*How to complete this task*
Verbatim output of the lines below is required, with the images omitted.

*Source data*
———

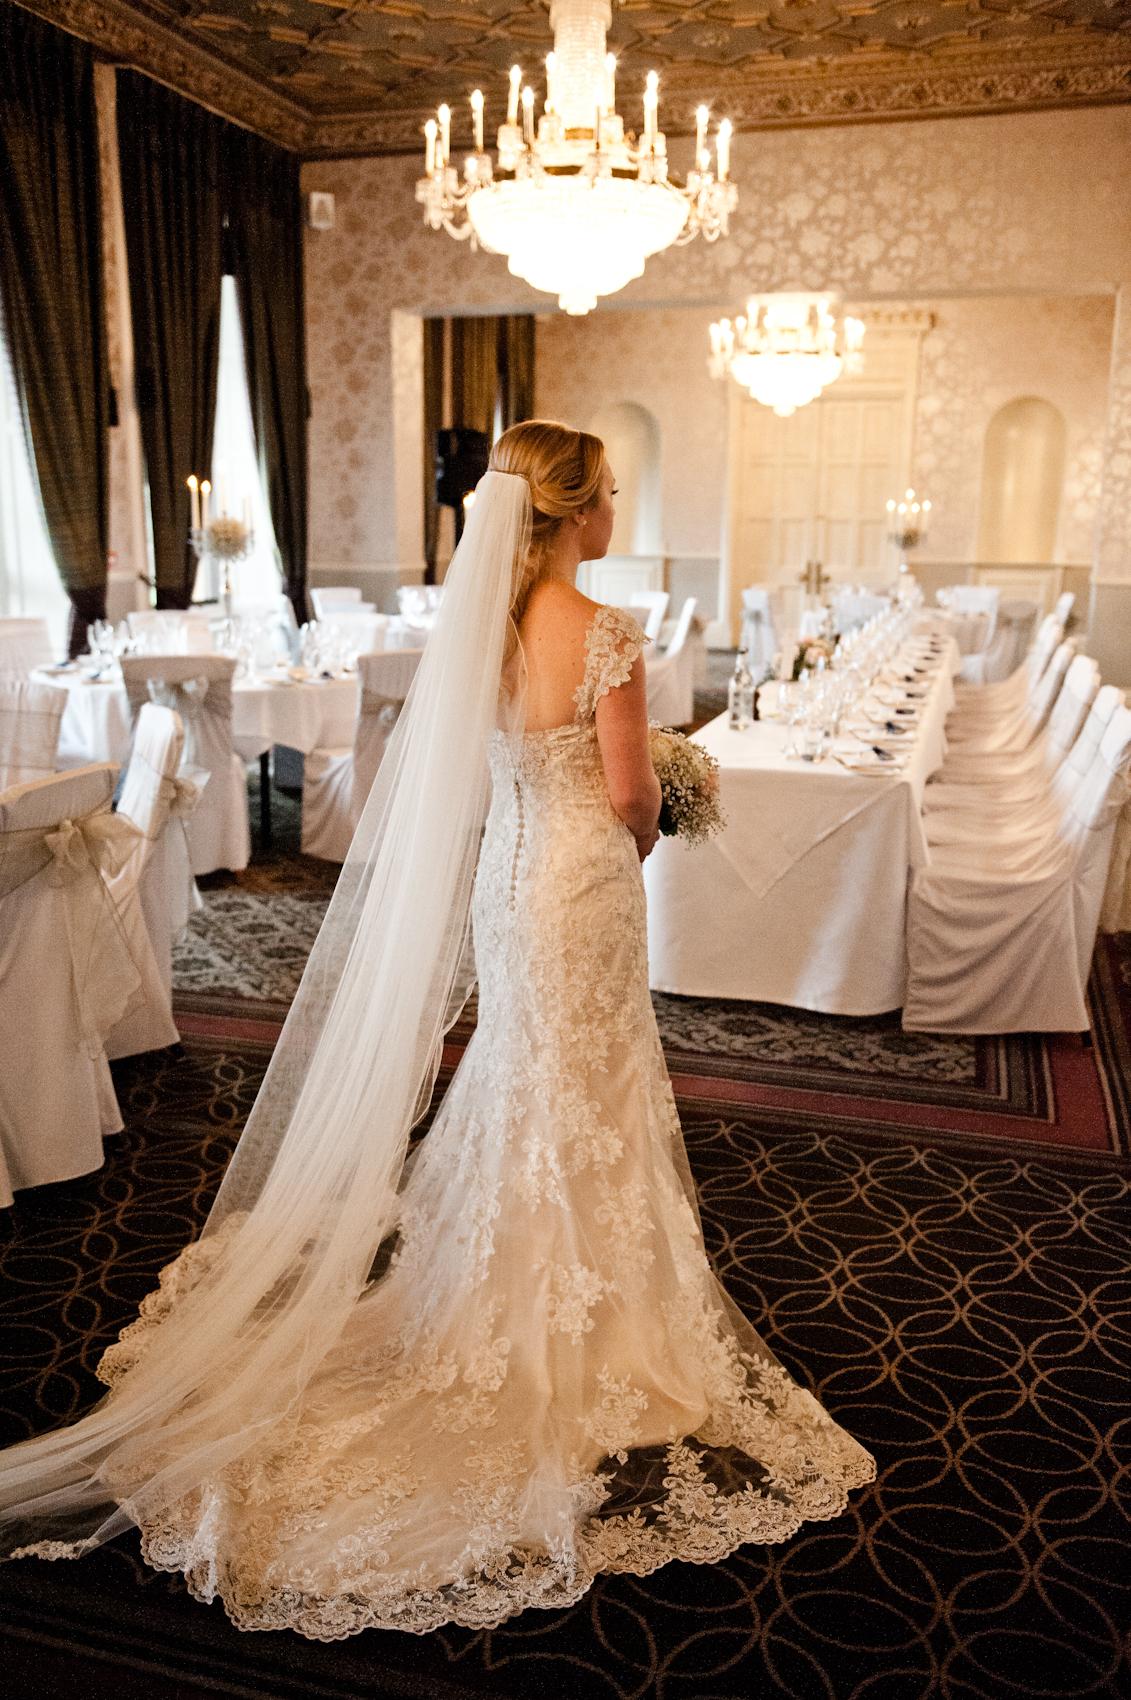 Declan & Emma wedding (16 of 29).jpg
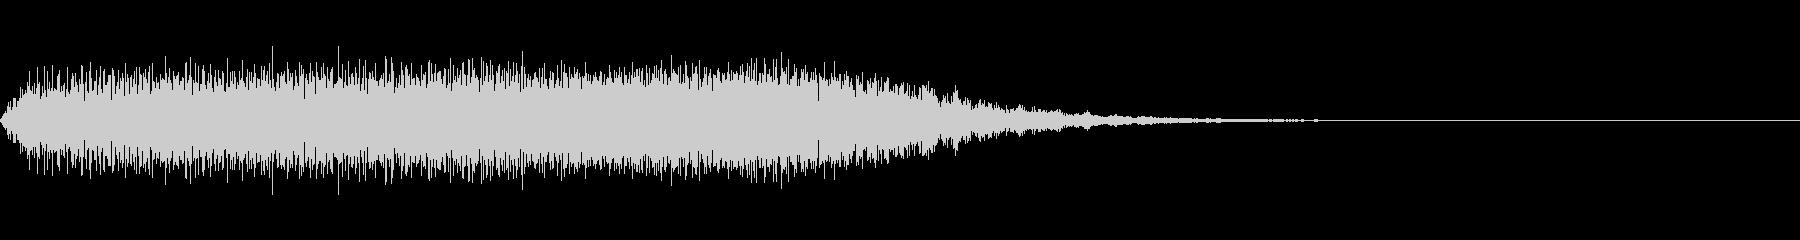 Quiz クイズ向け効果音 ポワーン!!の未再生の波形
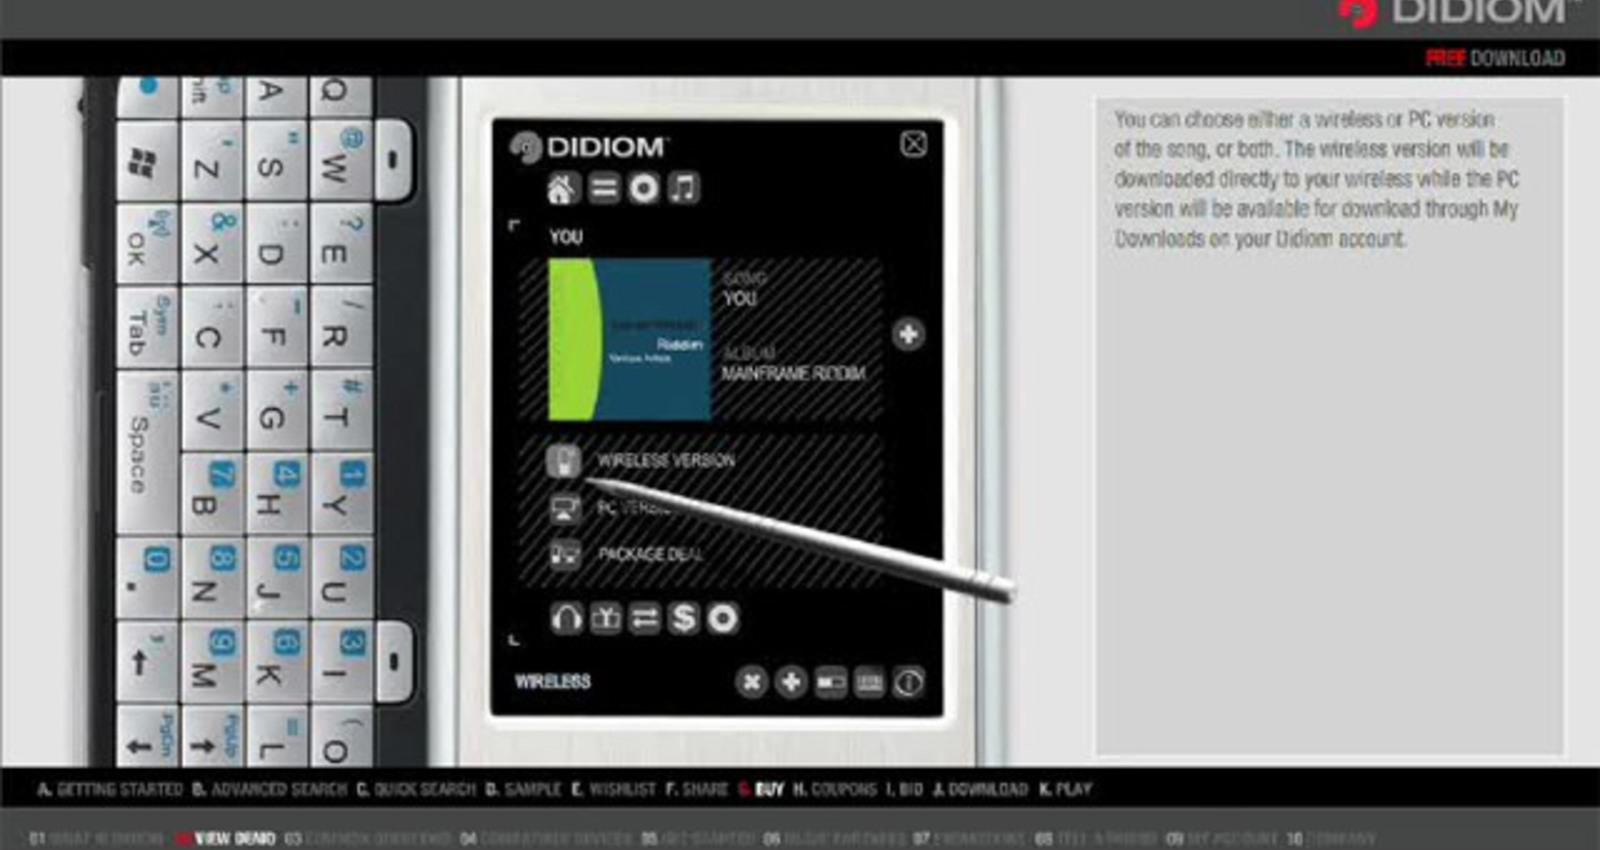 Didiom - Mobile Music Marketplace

———

*Worked solution*
 Declan & Emma wedding (16 of 29).jpg
 Quiz クイズ向け効果音 ポワーン!!の未再生の波形
 Didiom - Mobile Music Marketplace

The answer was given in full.